Great educational leaders understand that their role isn’t to create community through matching t-shirts or other symbols of forced togetherness. It’s to nurture community by ensuring thoughtful consideration of everyone’s needs, by celebrating differences rather than trying to erase them, and by sending the consistent message that everyone belongs equally. Not because they fit a predetermined ideal, but precisely because there is no ideal—only real people with real gifts to offer.

The irony was that in her attempt to create what she considered a perfect school image, she had undermined the very foundation of what makes a school community strong: the authentic sense that everyone is valued for exactly who they are.

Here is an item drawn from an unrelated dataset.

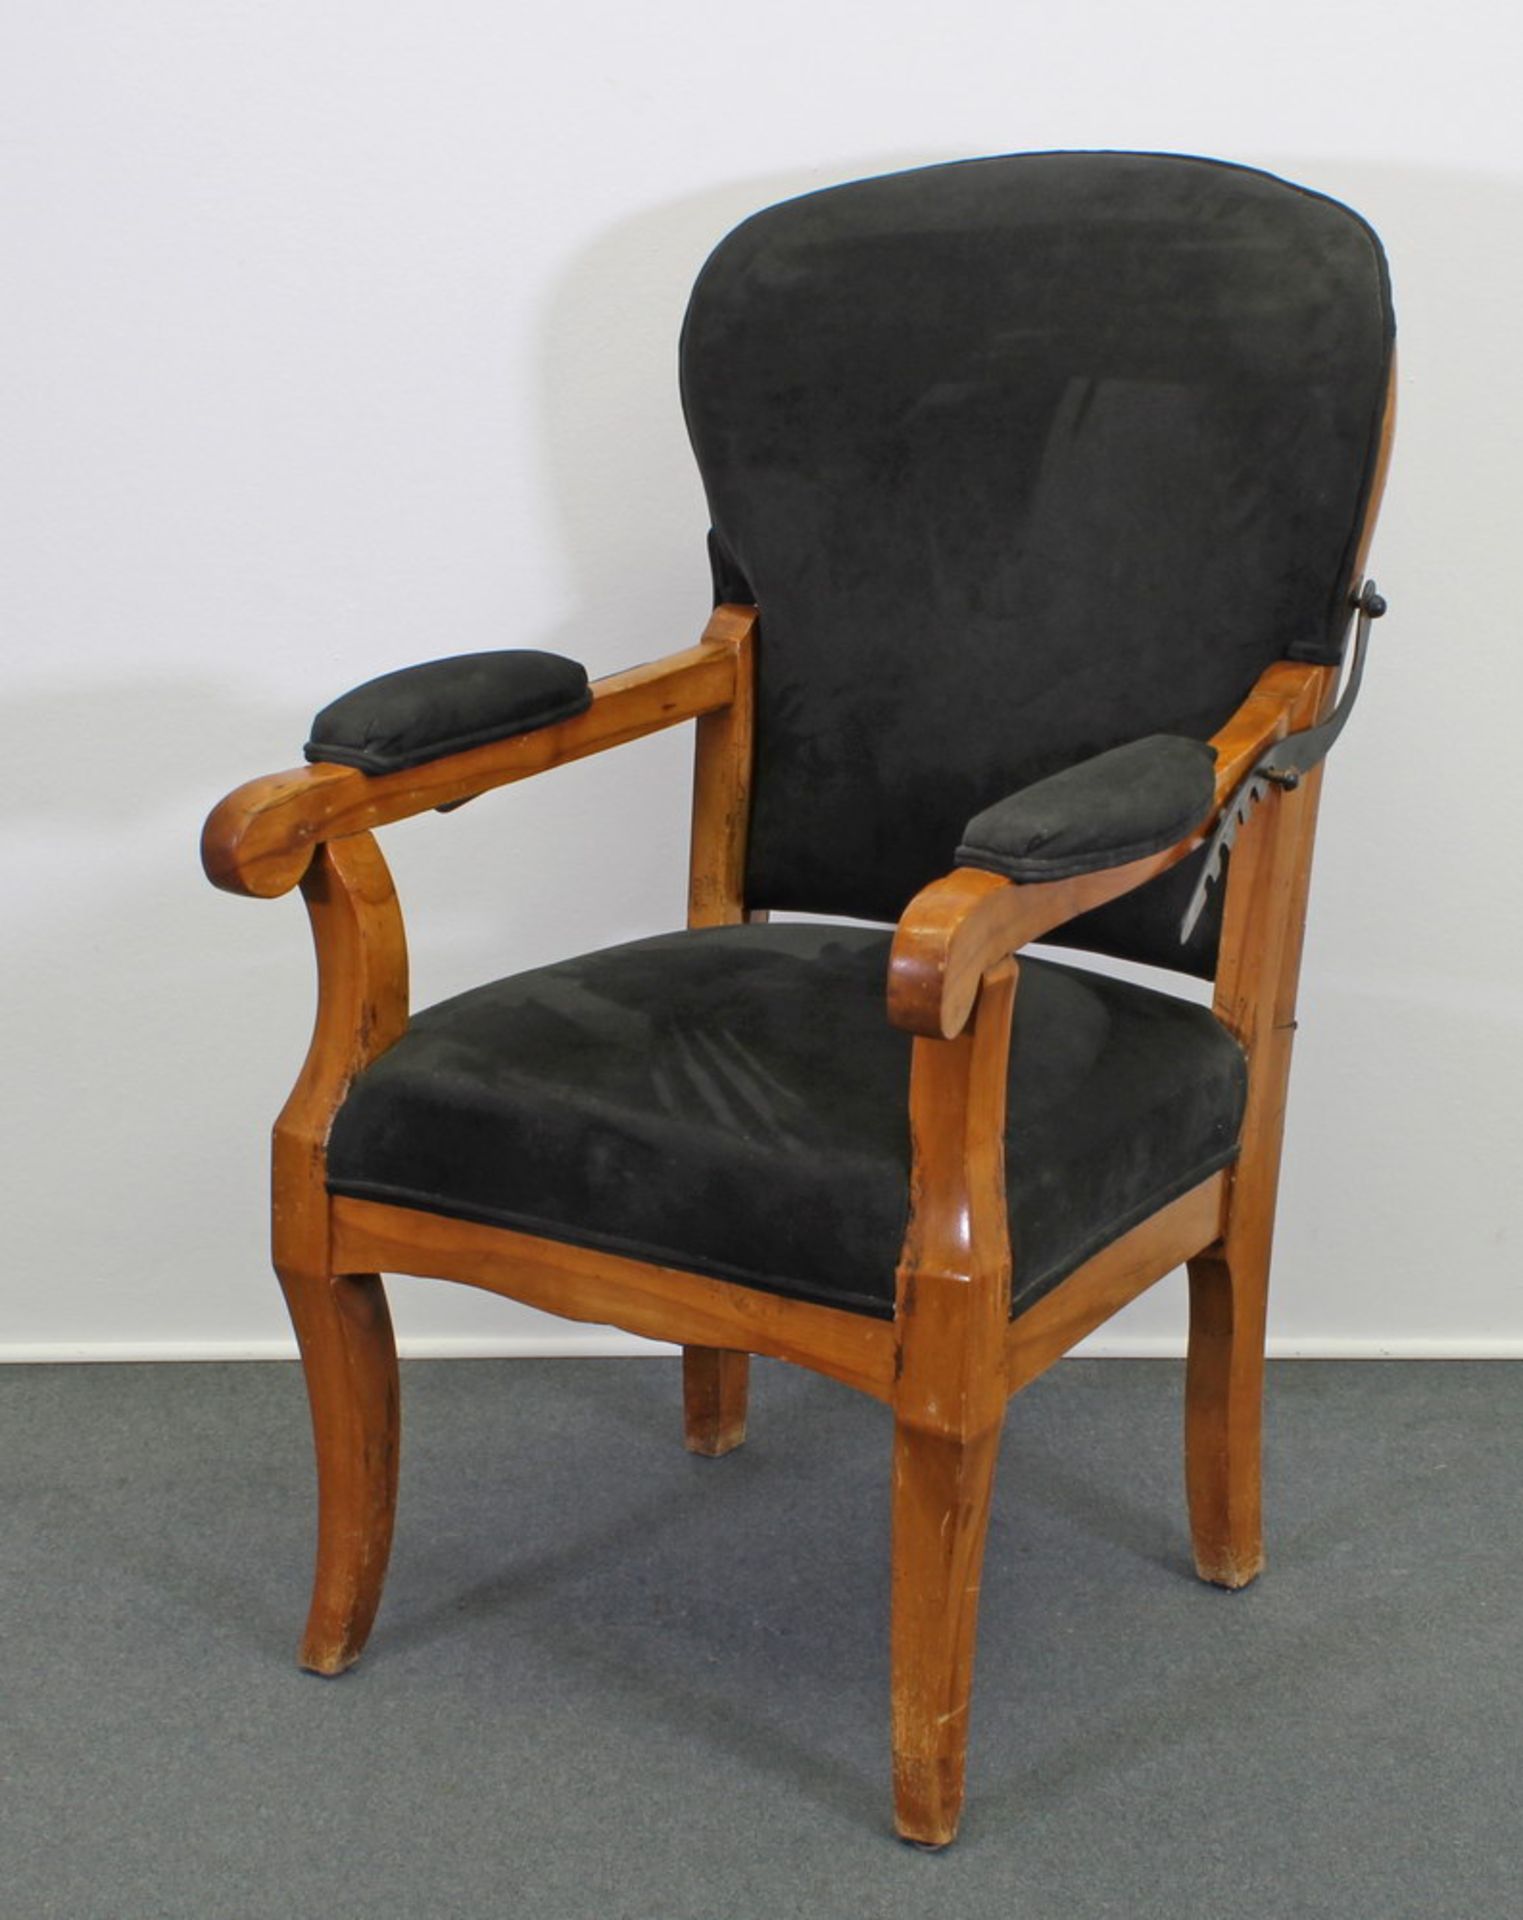 Armlehnstuhl, Biedermeier, um 1830 Kirschbaum, Sitz-, Rücken- und Armlehnpolster mit erneuerten
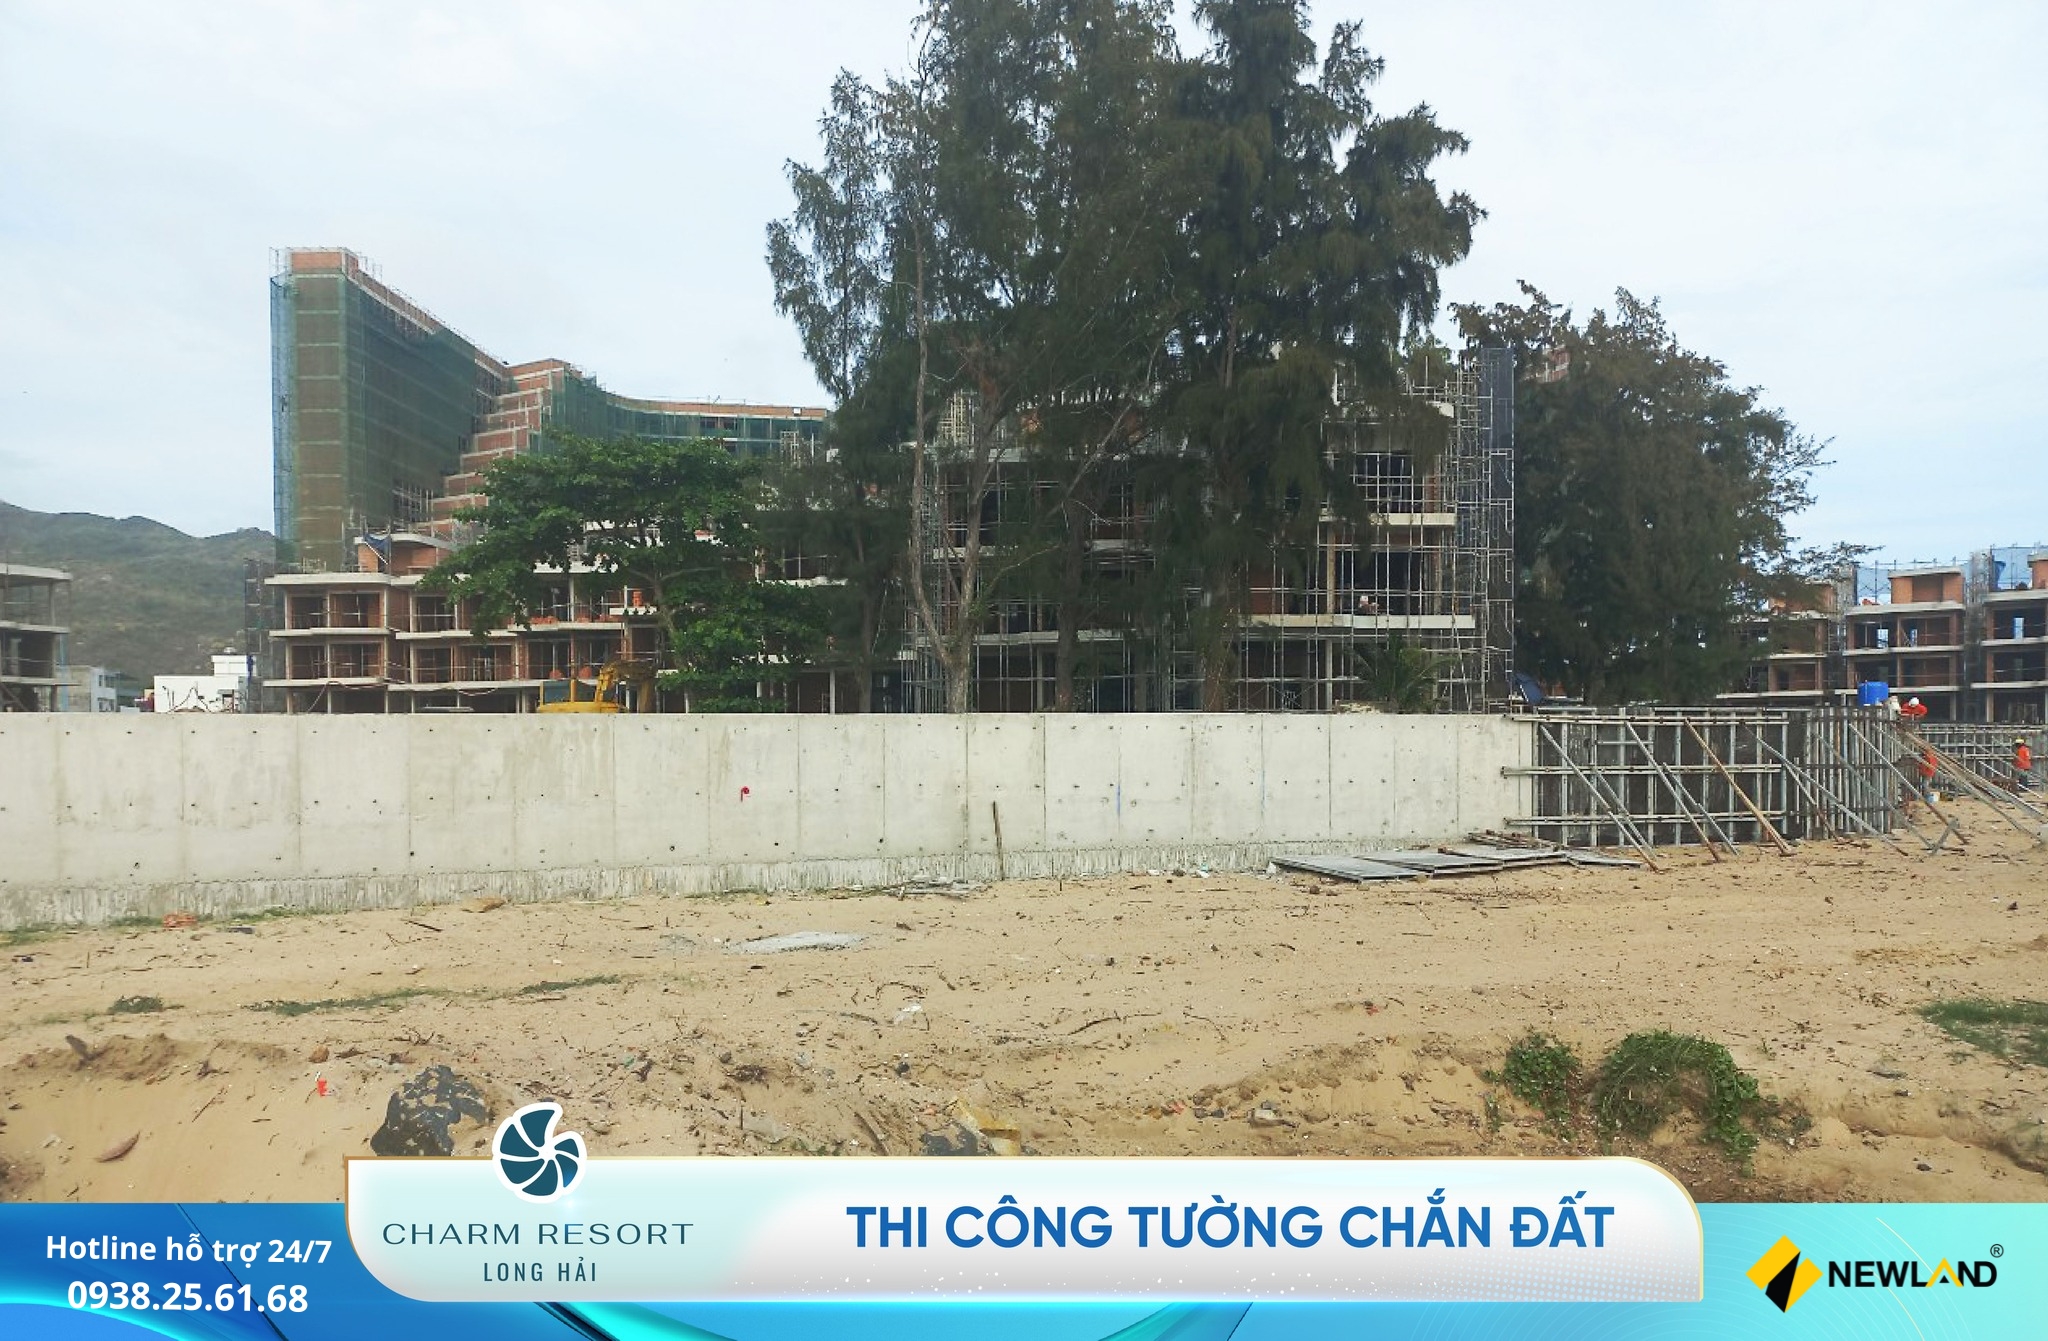 Charm Resort Long Hải sẽ được hoàn thiện và bàn giao nhà đến khách hàng theo đúng cam kết.

In our classrooms, we work hard to make sure every child feels valued, included, and seen. We carefully consider how our words and actions might affect our students’ sense of belonging. We recognize that sometimes the smallest decisions can send the loudest messages about who matters and who doesn’t.

Shouldn’t we expect the same thoughtfulness from those who lead us?

I still think about those t-shirts years later, not with bitterness, but as a powerful reminder of the kind of leader I want to be — one who sees people, not paper dolls; one who understands that true community leaves no one standing in the margins, feeling different or less than; one who knows that real leadership isn’t about quick fixes or surface appearances, but about the genuine dignity we offer to each person under our care.

That moment replays itself each time I encounter school spirit wear.

Some lessons stay with you, even when the t-shirt itself has long since been donated. And sometimes the most meaningful leadership moments happen not in grand speeches or formal evaluations, but in those small, seemingly insignificant decisions that reveal who we truly believe belongs in our community—and who we’re willing to leave standing awkwardly at the edges, wearing a different shirt.